Александр ощущал небывалую, щемящую тоску по сестре – тем более странную, что раньше-то они не были так уж близки или дружны. Вроде бы незначительная разница в возрасте – ну что такое два года? – пролагала между ними огромную пропасть. Девушки созревают быстрее, причем не только физически, но и умственно, и духовно. Сашенька стала уже взрослой барышней, когда Шурка еще был сущим мальчишкой и вел себя соответственно. Повзрослеть Сашу заставила невероятная ее любовь к Игорю Вознесенскому. А Шурка все играл в какие-то приключения – «сыщики и воры»! – до тех пор, пока не произошло побоище на тюремном дворе, пока его не отправили излечиваться в Доримедонтово и пока он не встретился с Настеной. Пока не нашел ее – и не потерял…

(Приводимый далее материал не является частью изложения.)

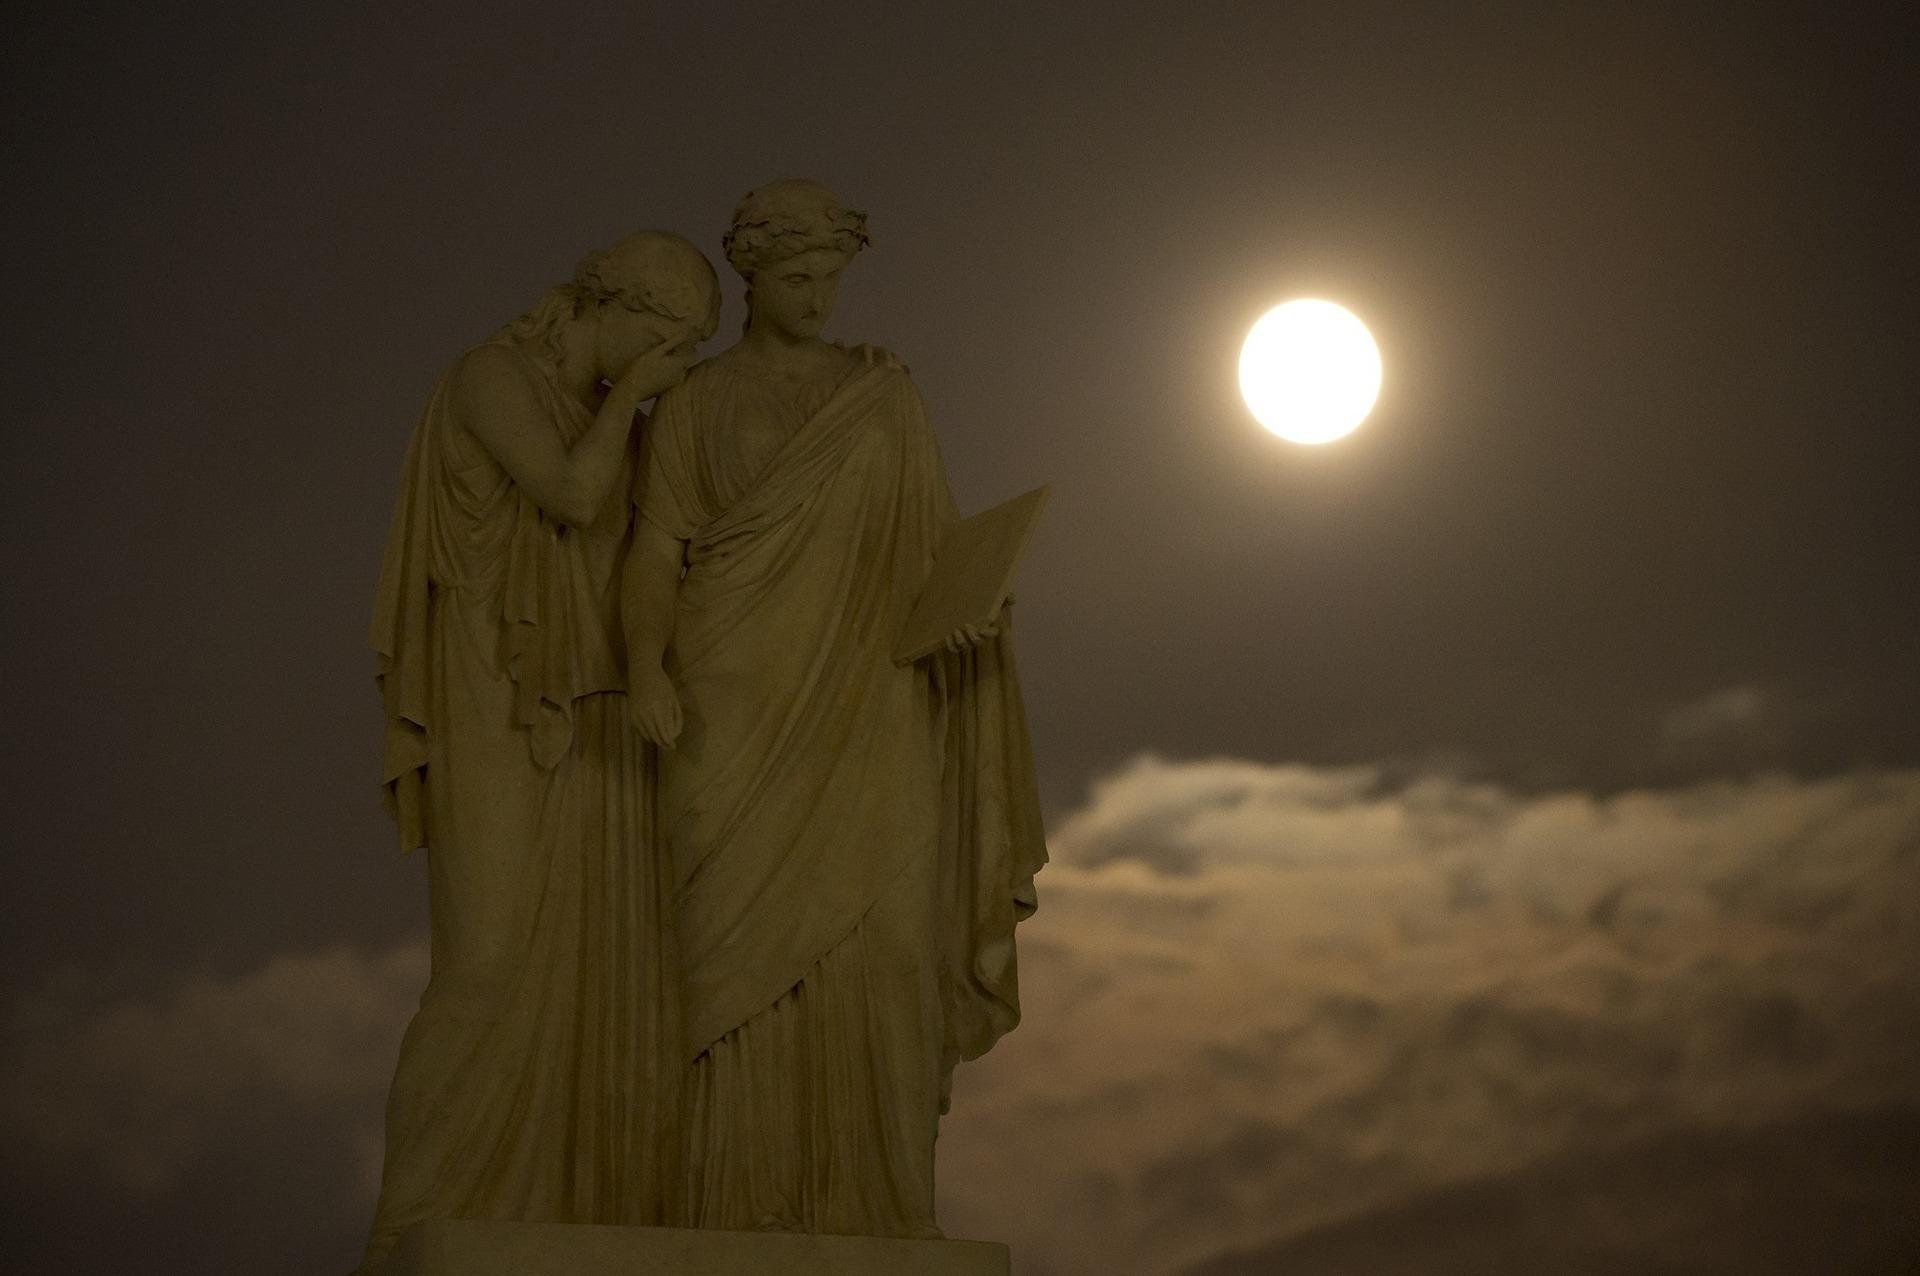 Mondphasen und Wohnungen auf mond-blog.de
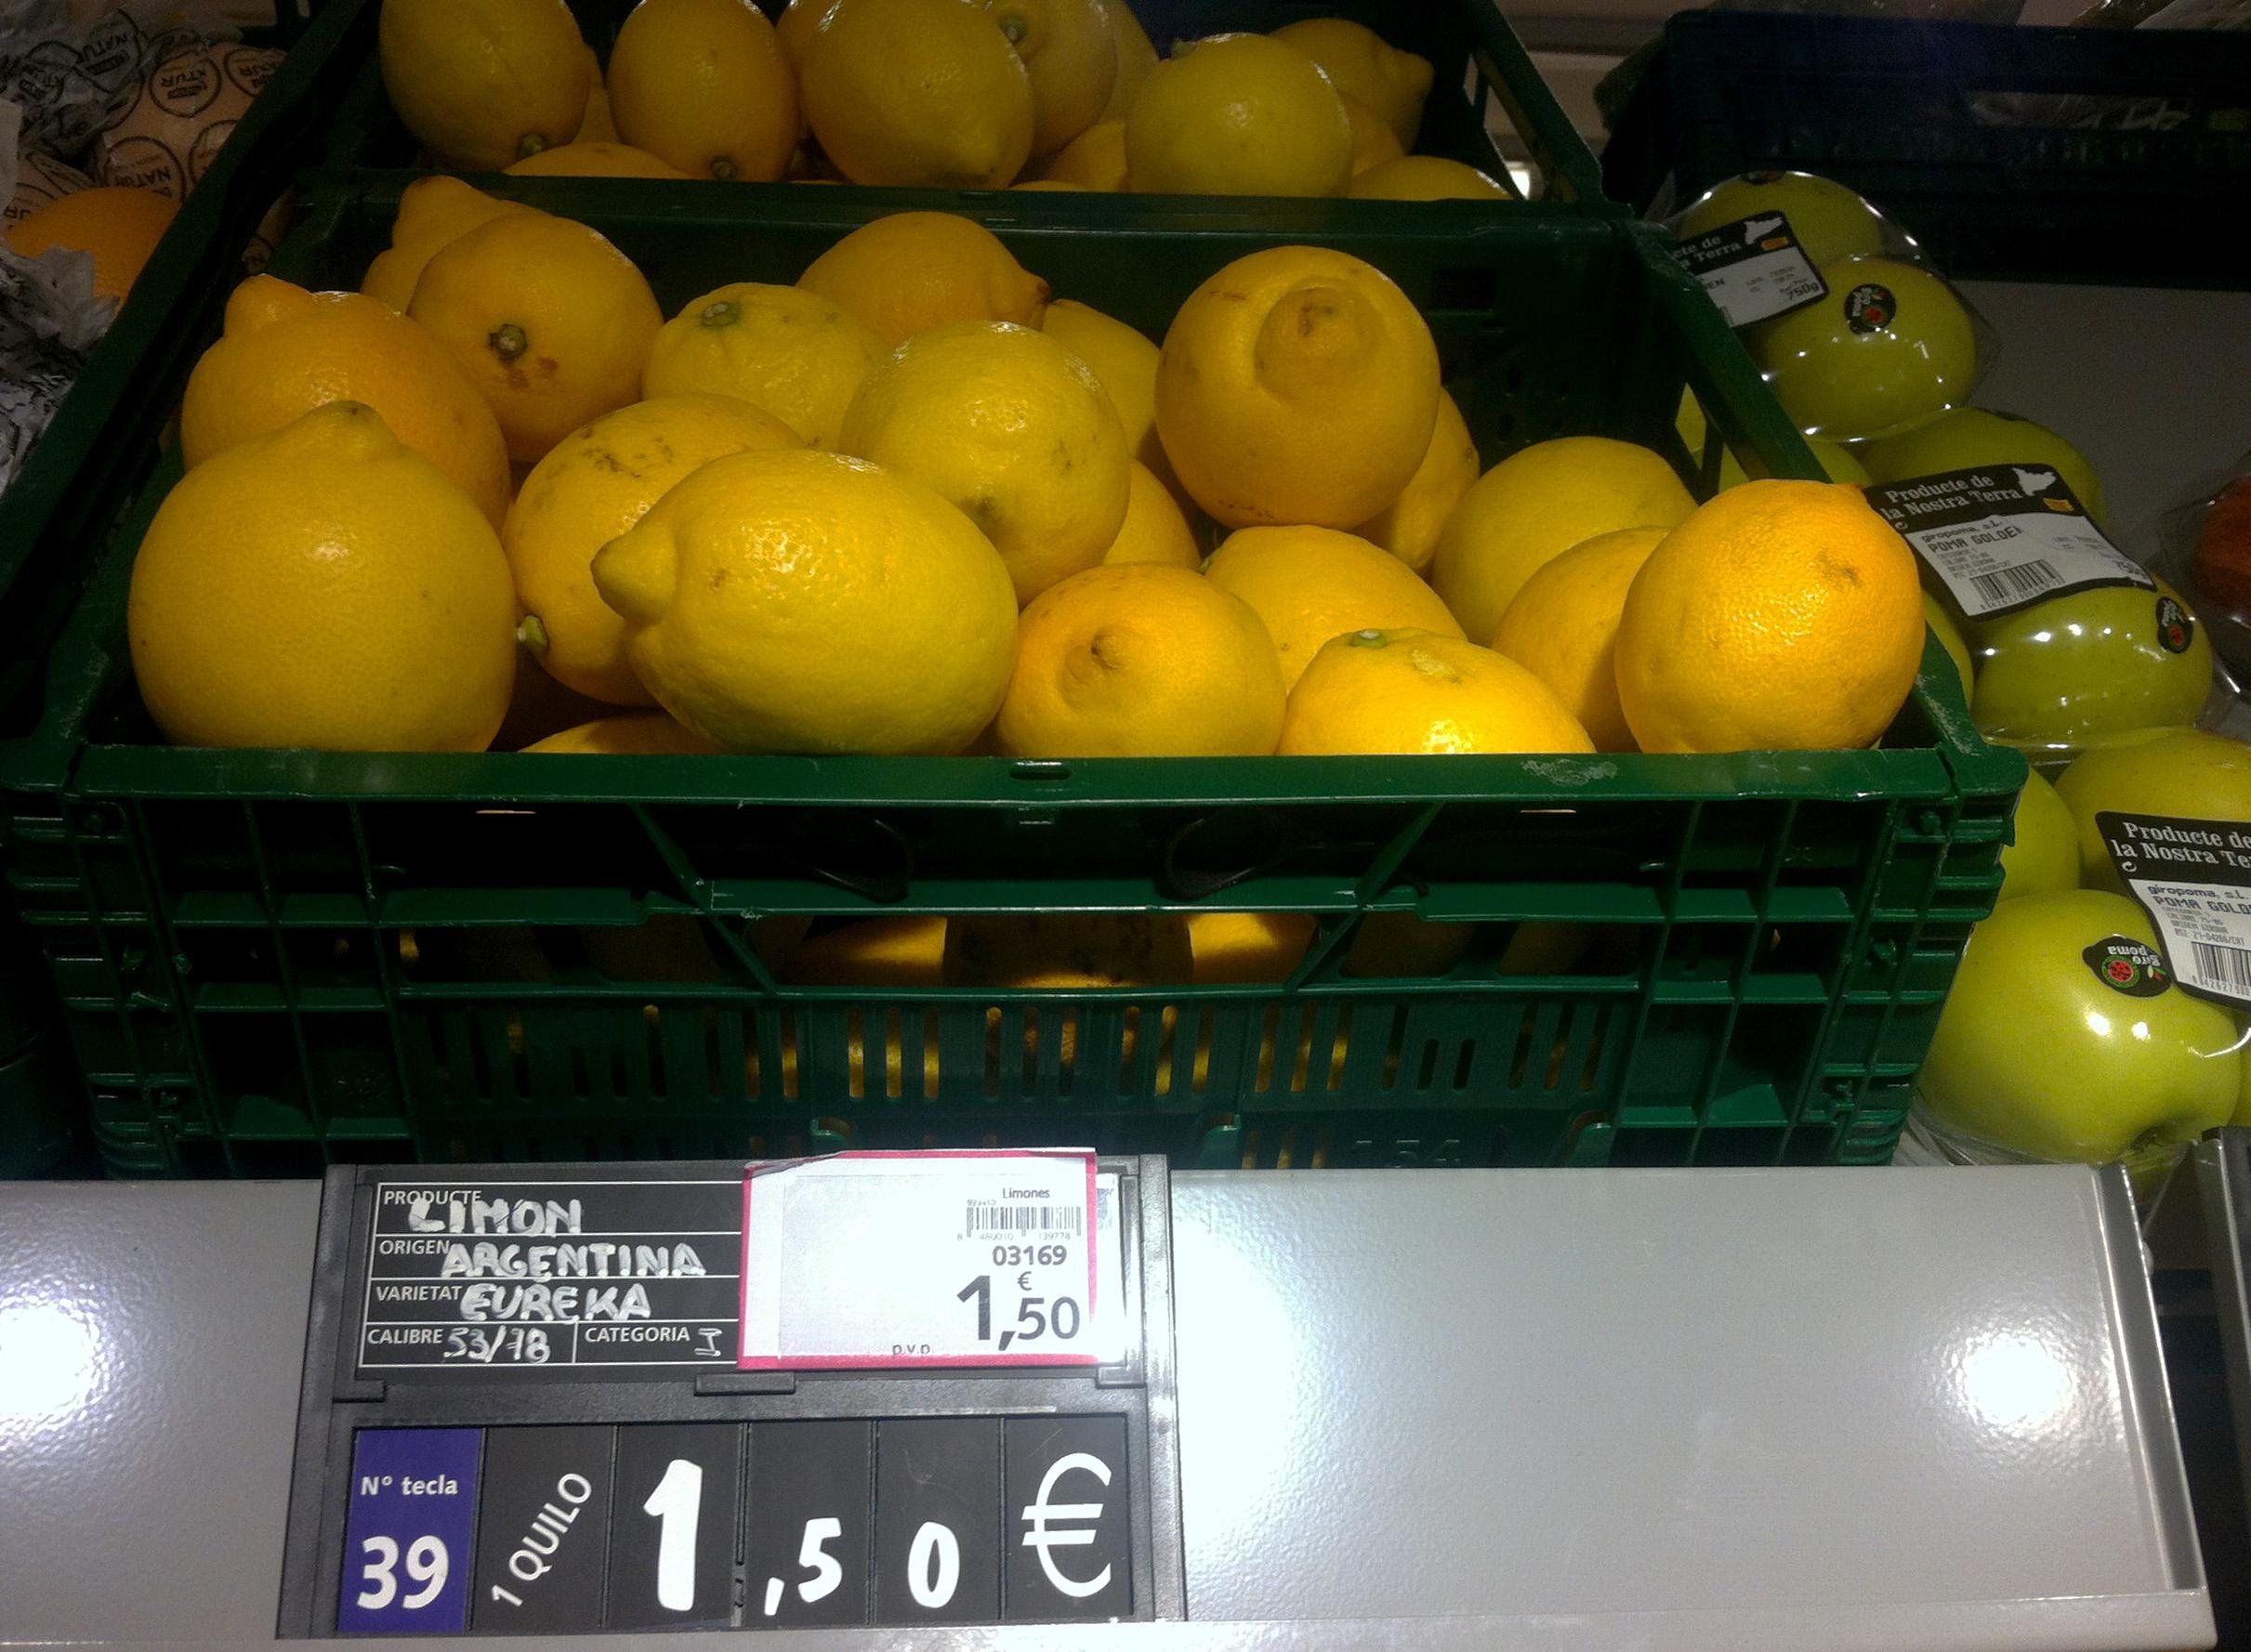 desmontando el mito de que los alimentos ecológicos son caros - ¡sí

Только любовь – обретенная и утраченная – сделала его по-настоящему взрослым. Так же было и с сестрой. От кого унаследовали они неистовость сердец? Почему не могут быть счастливы тихим счастьем нынешнего дня, а все бередят былые раны, все надеются найти забвение в воспоминаниях о прошлом? Совершенно как в тех стихах Бальмонта, которые любил их отец… Услышат ли еще раз Шурка и Саша, как читает отец Бальмонта?! Например, вот это стихотворение:

Тебя я видел только раз, любимая,
Но только раз мечта с мечтой встречается.
В моей душе любовь непобедимая
Горит и не кончается…

 

Или это:

Он вскрикнет и кинется страстно
Туда, где былая стезя…
Но тени пройдут безучастно,
И с ними обняться – нельзя.

 

Будто нарочно – о том, что переживали, на что были обречены они с сестрой. Как же так вышло, что отец всегда читал стихи именно об их страданиях? Или он сам испытывал что-то подобное? Эта странная история о гибели их матери… Ничего-то они не знали о мучениях отцовского сердца. Узнают ли? Может быть, Шурке придется умереть, так и не увидев близких? Или они не дождутся встречи с ним?

– Русанов, к следователю!

Он поднял голову, не веря.

– Русанов! – нетерпеливо гаркнул цирик.

– Скорей, вас вызывают, Александр Константинович! – засуетился сидевший рядом Кругликов.

Вся камера взволновалась. Лучше хоть какое-то действие, плохое, хорошее, безразлично, но только не стоячее болото неизвестности. Может быть, Русанову удастся узнать от своего следователя хоть что-то о судьбе сестры? О том, что творится в городе? Поляков среди заключенных считался не хуже, не лучше прочих: особым милосердием не отличается, так же орет на допросах, не погнушается сам в морду дать. А все же вдруг да скажет он хоть что-нибудь? Бывают же чудеса на свете!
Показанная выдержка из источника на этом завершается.